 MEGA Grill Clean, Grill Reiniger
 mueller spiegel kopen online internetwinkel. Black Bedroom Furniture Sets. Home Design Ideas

.....

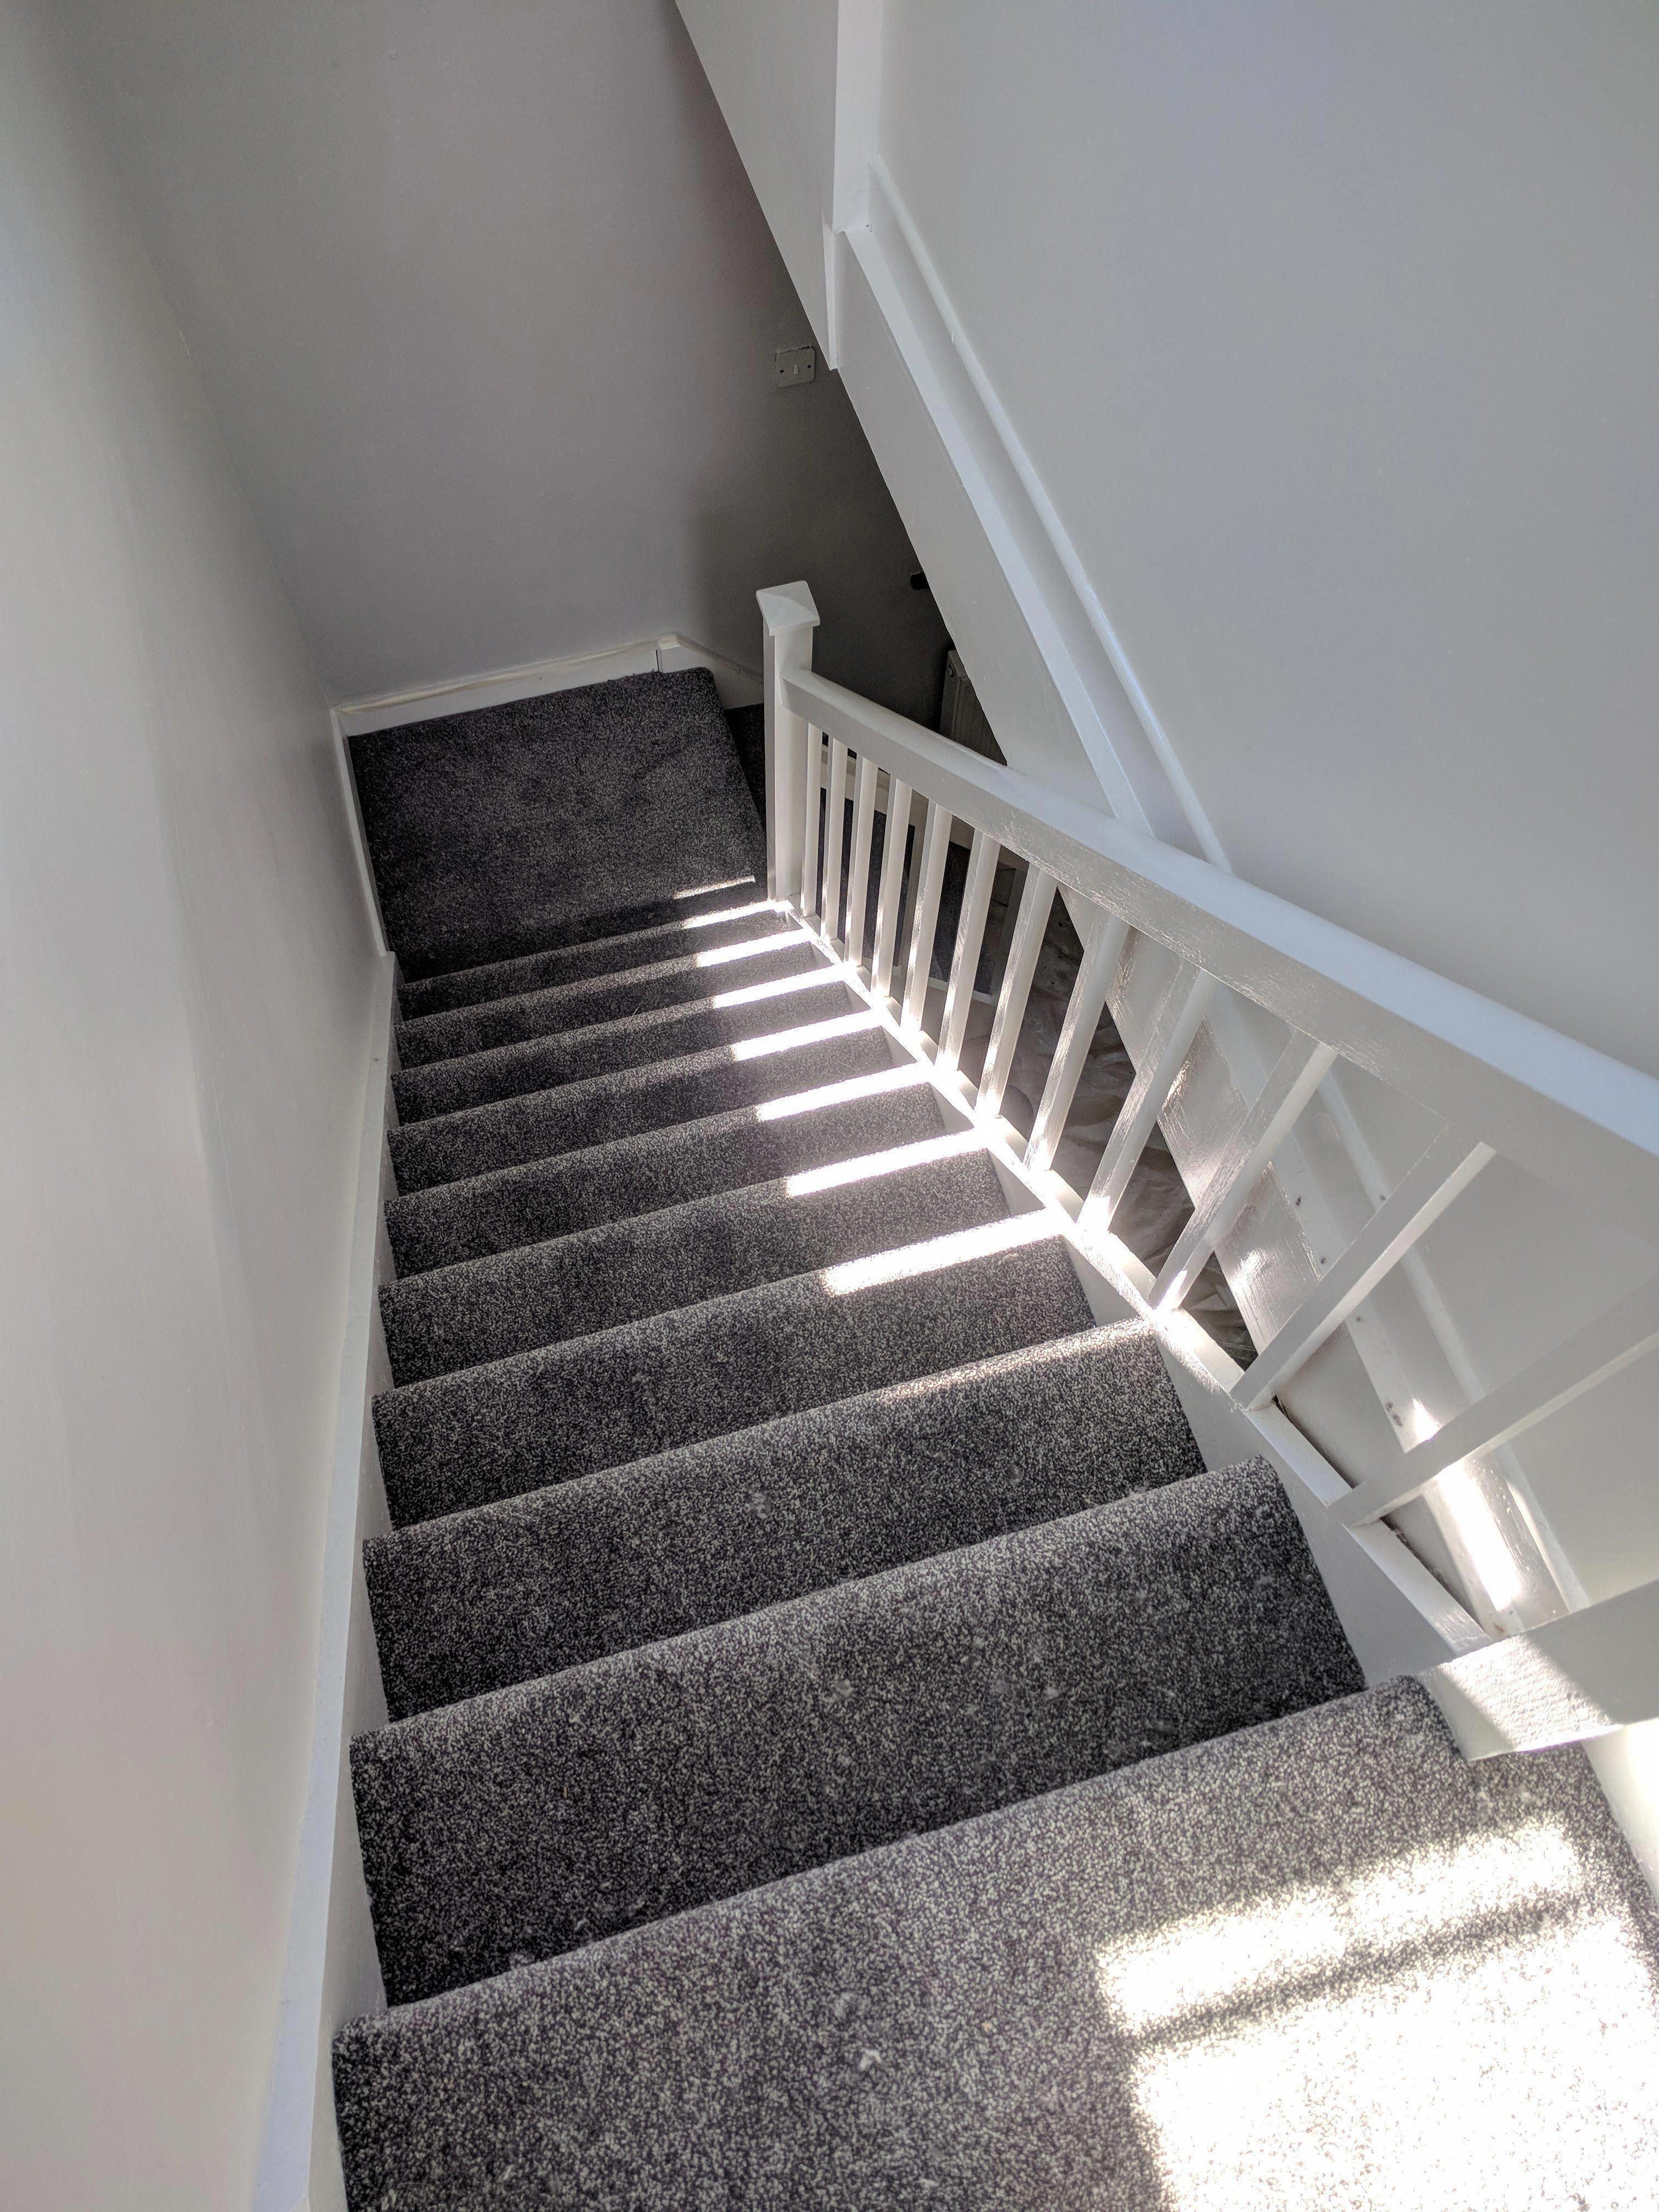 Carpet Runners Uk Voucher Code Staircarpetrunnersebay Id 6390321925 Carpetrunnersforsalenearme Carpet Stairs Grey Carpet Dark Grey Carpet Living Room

.....

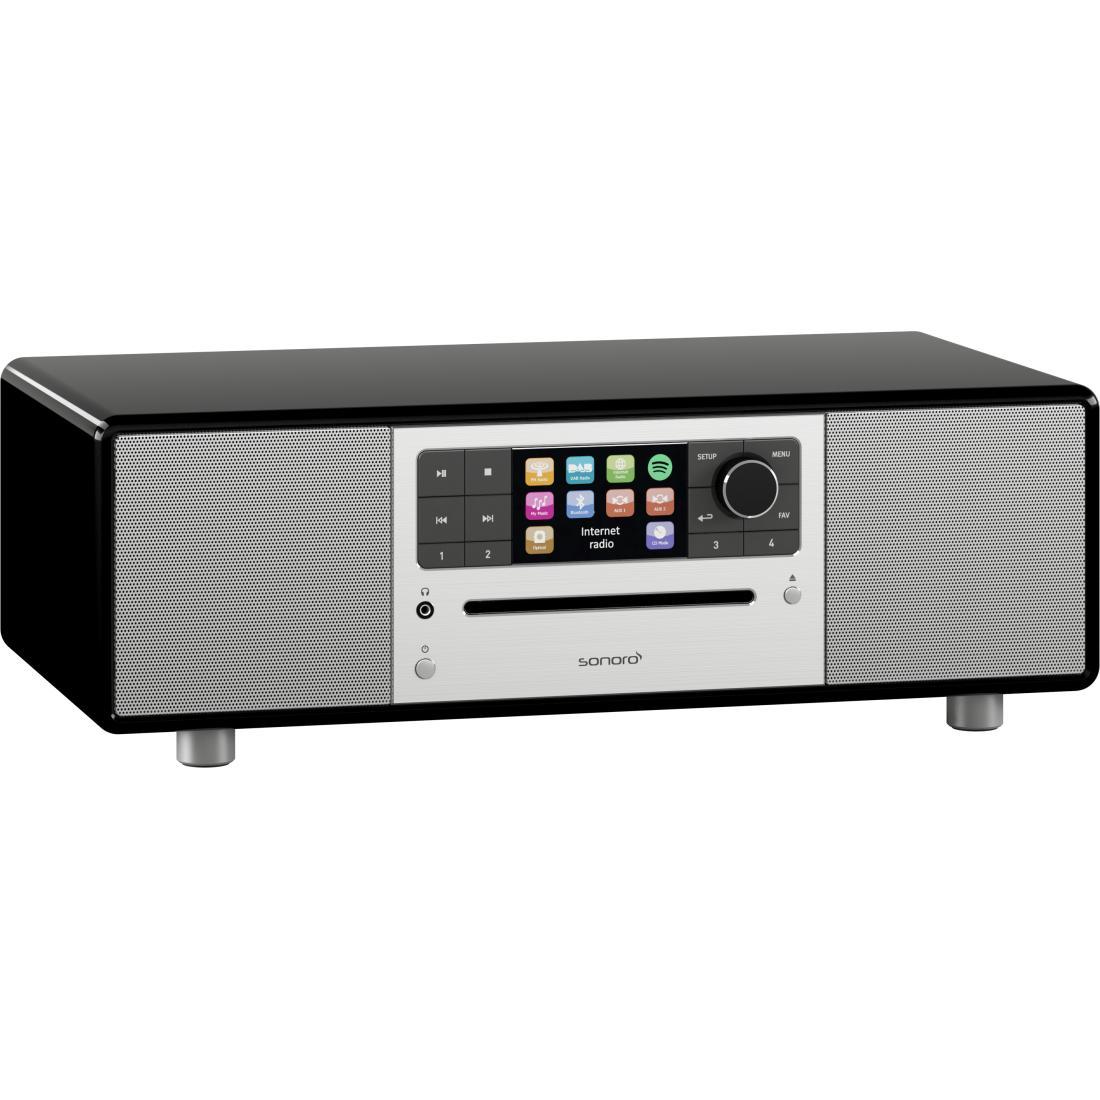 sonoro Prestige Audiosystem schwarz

.....

- _YOUR INSTRUCTIONS_: Return the span of lines in the data above that opens at the line with "MEGA Grill Clean, Grill Reiniger" and closes at the line with "mueller spiegel kopen", exactly, ends included, nothing else.

- _FINAL ANSWER_:
 MEGA Grill Clean, Grill Reiniger
 mueller spiegel kopen online internetwinkel. Black Bedroom Furniture Sets. Home Design Ideas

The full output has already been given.